Winning Even Before You Pitch

art success sales pitch give me a lever long enough

My pitch was good. It wasn’t great as far as sales pitches go but it was good.

I had showed them that we had done everything in the brief and even done extra work to impress them.

The people around the table were obviously impressed but I knew something was wrong by the looks on the faces of the CEO and COO.

The CEO started to tell us how she had 25 years of experience at some Fortune 500 companies and that she did not agree with our approach because even those companies did it differently.

Strike One!!

Her COO also started critiquing our designs and both of them got very condescending.

Strike Two!!

They started talking about technical details and analytical things that their staff may not have understood but I did.

I have a Computer Science degree and I understand the fundamentals of scientific analysis…but they did not know that.

You see, this was a purely creative project. It was a branding and design assignment so as most technical people do when they meet artists, they discount their work as just an embellishment to the real value.

The meeting ended and they were going to pay us about 5,000 less.

It was still good money but I was angry…not at the CEO and COO but at myself. 

For two reasons…

These two things alone can give you immense leverage in every pitch.

1 The Principle Of High Value Leverage

Principal of high leverage

In business, both parties in a negotiation usually see it as a zero sum game….For me to win, the other party has to lose.

That mindset makes pitch meetings a militant affair when it’s supposed to be two parties deciding on what is best.

One way to solve this is to go in with leverage and make the other person see the leverage even before you start.

Jesus said “No prophet is accepted in his hometown.” Luke 4:24

To paraphrase in business terms, no businessperson is respected among his peers.

For example, when I was in high school, we were taught both core and advanced mathematics because I was in the Science track.

The best answers in my classroom were only mildly impressive to my classmates because it was not new to them.

My friends who were in the General Arts classes were only taught core mathematics so whenever I shared stuff with them about advanced math, they were thoroughly impressed.

Coming from the Science track gave me leverage in their eyes.

I could have been the worst advanced math student in my class but among those who only got to study core math, I was accepted.

It’s the same in business.

When a lawyer speaks at legal conferences, she may get a few claps here and there but it’s nothing to write home about.

However, when the same lawyer speaks at medical conferences, the doctors and chiropractors listen attentively and shower praise on her.

It’s kind of like something I read about our legal industry.

Apparently practicing law in New York City is regarded as tough.

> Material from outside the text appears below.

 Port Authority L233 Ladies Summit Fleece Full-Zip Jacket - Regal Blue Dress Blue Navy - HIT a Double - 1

It’s said that if you excel as a lawyer in New York, you can succeed anywhere.

I read that junior lawyers who left with New York City firms on their resumes usually got huge promotions in other states because those firms gave them leverage in other states.

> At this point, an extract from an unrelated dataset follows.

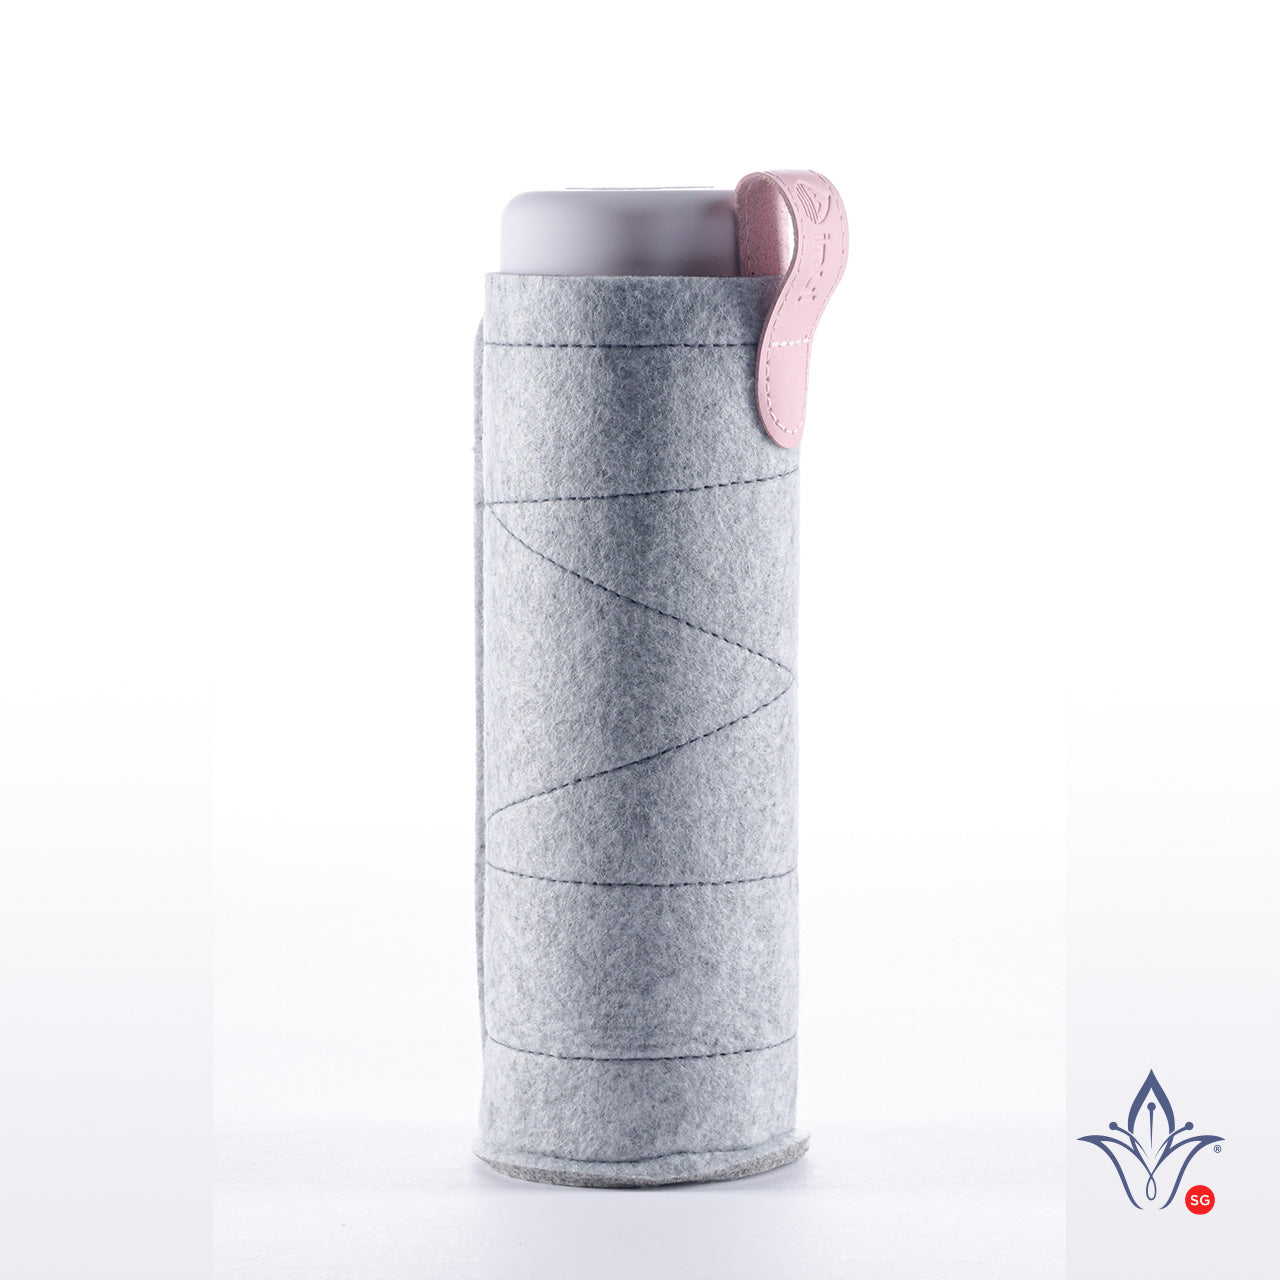 inu! Crystal Water Bottle Sleeve - Light Grey with Pink Loop

This may be similar to what gave Marissa Mayer the job at Yahoo. She is known as the youngest Fortune 500 CEO and some say her credibility as a young executive at one of the most successful companies in the world(Google) made it easier.

How does this apply to you, the next time you pitch something?

It’s important to be pitch a business or individual who does not have your value and can see the difference.

In the aforementioned meeting, I had no leverage because CEO’s of energy companies do not generally consider Branding Consultants(that’s what I was at the time) as partners of high value.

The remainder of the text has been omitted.